Lord Drummond Young noted that the Latin maxim omnia praesumuntur rite esse acta (all things are presumed to have been done in due form) applied in considering transactions that took place a significant time in the past. He held that four reasons justified the application of the maxim:
- in practice, substance was more important than form. Any defects in procedure tended to be matters of form rather than substance;
- any substantial objections to a transaction would usually be raised immediately, even if only informally;
- if a lengthy period had elapsed since a transaction occurred, evidence was likely to have been lost; and
- transactions did not stand alone, but were relied on by the parties and others in their future dealings. Allowing a party to challenge the validity of a transaction long after the event would be “an intolerable situation”. Indeed, “no pension fund could seriously carry on its administration under such a threat”.
The court held that the maxim applied on the facts. Given its application, the onus was on the partners to prove the triple lock mechanism had not been followed. They could not do so and the various amendments had therefore been properly effected.
The maxim also applied in relation to amendments made in 1991 and 2009 under the revised procedure that replaced the triple lock. Although the available evidence demonstrating compliance with the revised procedure was “manifestly incomplete”, certain evidence of compliance was available and the amendment was confirmed by subsequent practice adopted by the Fund's managers. In such a situation, “the policy considerations that underlie the maxim are just as applicable in our opinion as in a case where a formal deed is available”.
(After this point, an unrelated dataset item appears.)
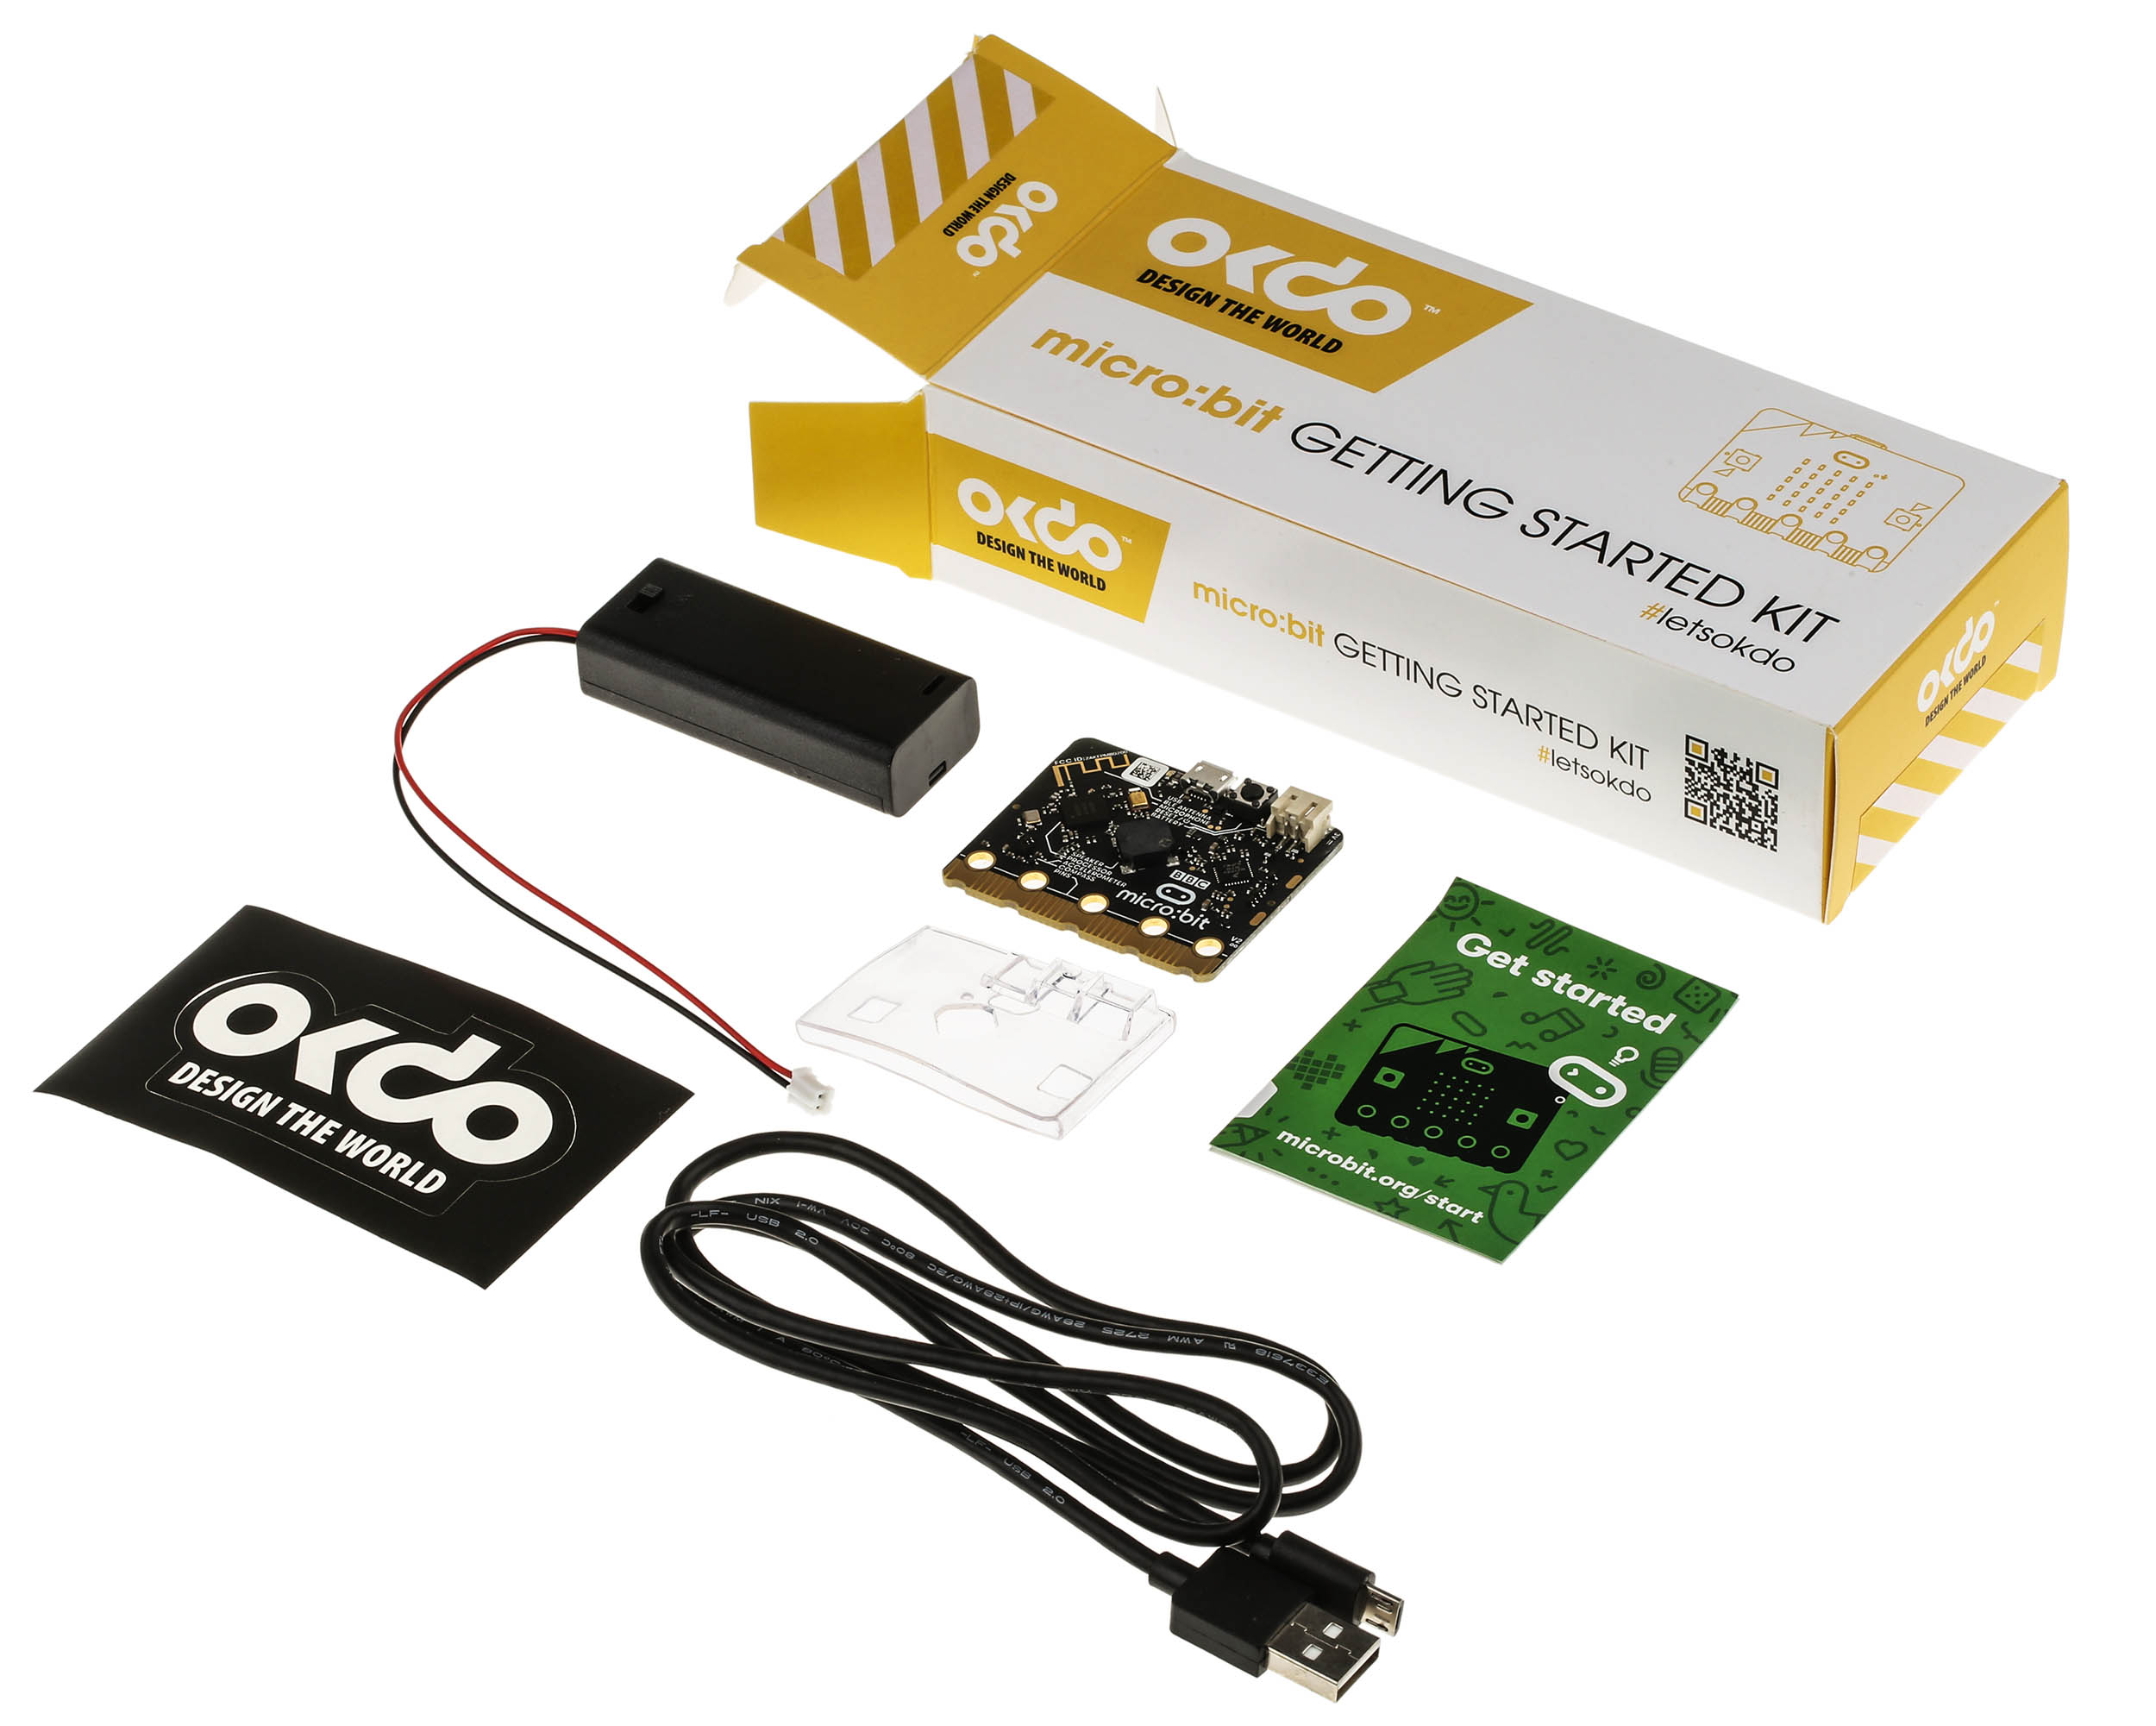 OKdo micro:bit Getting Started Kit (EN) - OKdo

The court reiterated that it was not for the trustees to establish that amendments to the Fund's governing deed had been properly effected: instead, those who challenged the regularity of past procedures were obliged to prove that proper procedures had not been followed. Without this rule “the sensible administration of pension funds, and indeed other long-term contracts and trusts, would be rendered unacceptably difficult”.
Comment
The approach adopted by the court in this case acknowledges the practical point that pension funds must be allowed to operate free from concerns that historic actions may be challenged, in some cases many years after the event. However, the decision raises questions about how the court should attempt to balance these concerns against the requirement for legal certainty implicit in the obligation to follow proper procedures.
Although the rules relating to the execution of deeds differ in Scots law from those applying in England and Wales, it will be interesting to see whether this decision is taken into account in the forthcoming appeal against the 2014 High Court decision in Briggs and others v Gleeds which could be heard on 11 or 12 July 2016.
In Gleeds on which we reported in our May 2014 update the High Court held that deeds dating back over 20 years relating to the Gleeds Retirement Benefits Scheme (the Scheme) had been invalidly executed and that the changes would not stand. Several purported amendments, including such changes as a post-Barber equalisation of benefits exercise, trustee and principal employer appointments, the adoption of a new trust deed and rules, introduction of a new defined contribution section, an increase in member contributions and a closure of the defined benefits section to future accrual were held to be ineffective.
The judgment was a blow for the Scheme’s employers, with serious consequences in terms of increased funding costs. While some employees who thought they had joined the Scheme had not actually done so, others who thought their benefits had been reduced stood to receive windfall payments. As the judge said, “Unfortunate consequences are, I am afraid, unsurprising when so many documents have not been validly executed.”